Em nossa opinião, a redação do PLP 68/24 deveria ser mais clara em relação às hipóteses de não incidência do IBS/CBS nas operações de locação, especialmente aquelas realizadas por pessoas físicas que possuem diversos imóveis e se valem do seu rendimento (locação) como fonte de renda preponderante. Como dito, a atual redação não é suficientemente clara a esse respeito, deixando margem para interpretações dúbias.
Em sua avaliação, quais pontos da regulamentação, referentes à tributação de pessoas físicas que alugam imóveis, precisam ser ajustados na regulamentação da Reforma?
A tributação pelo IBS e pela CBS provavelmente alcançará as pessoas físicas que realizam operações com imóveis de forma habitual ou em volume que caracterize uma atividade econômica. Por isso, é fundamental que se defina claramente o que caracteriza a “atividade preponderante” para fins de tributação – isto é: em que situações a pessoa física será considerada contribuinte do IBS e da CBS ao exercer a atividade de locação de imóveis.
Além disso, existem outros debates de caráter econômico sobre o possível aumento da carga tributária e a necessidade de uma redução mais significativa das alíquotas, especialmente à luz do objetivo de neutralidade da Reforma Tributária.

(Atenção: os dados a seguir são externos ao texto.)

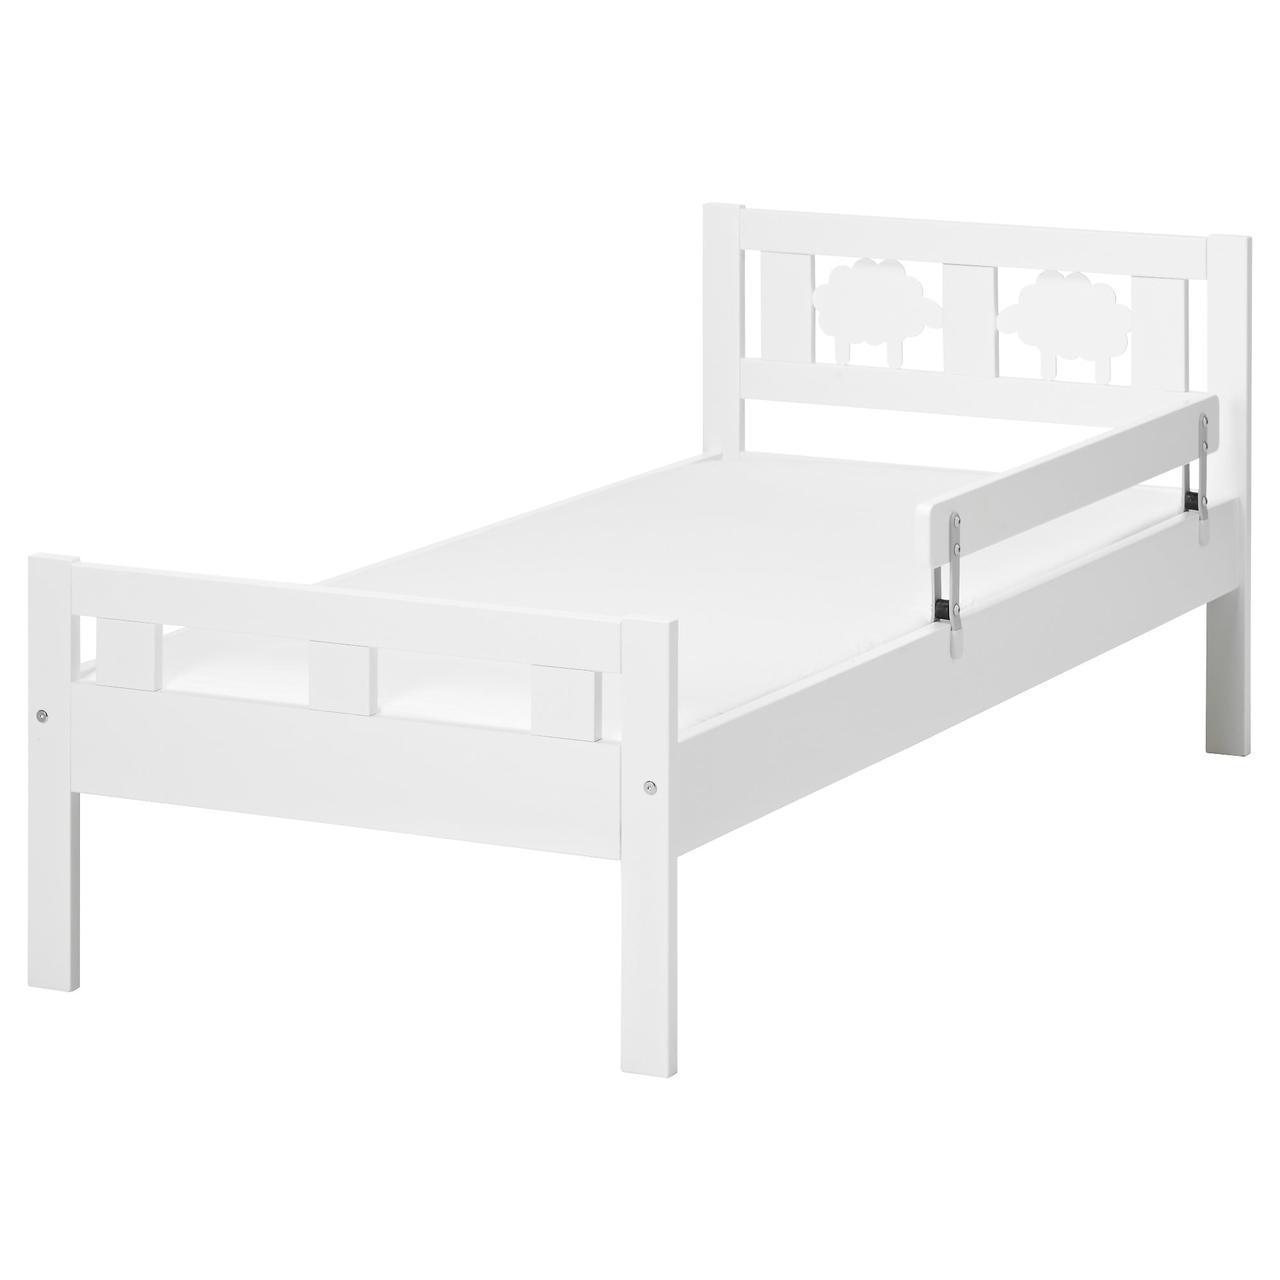 ✅ IKEA KRITTER (691.854.35) Детская кровать

Entendemos que é primordial que o texto do PLP 68/24 defina com clareza e objetividade o conceito de atividade econômica preponderante, utilizado como principal elemento de definição da hipótese de incidência do IBS/CBS nas operações de locação de bens imóveis. Vale ressaltar que, um outro exemplo de situação que pode ser impactada com a falta de clareza do conceito é o caso de profissionais liberais (sujeitos ao regime regular do IBS/CBS pela sua atividade principal) que alugam um imóvel próprio para a sociedade da qual fazem parte e onde realizam suas atividades econômicas. Pelo texto atual, há dúvidas se esse aluguel estaria incluído no conceito de atividade preponderante e portanto sujeito à tributação sobre o consumo.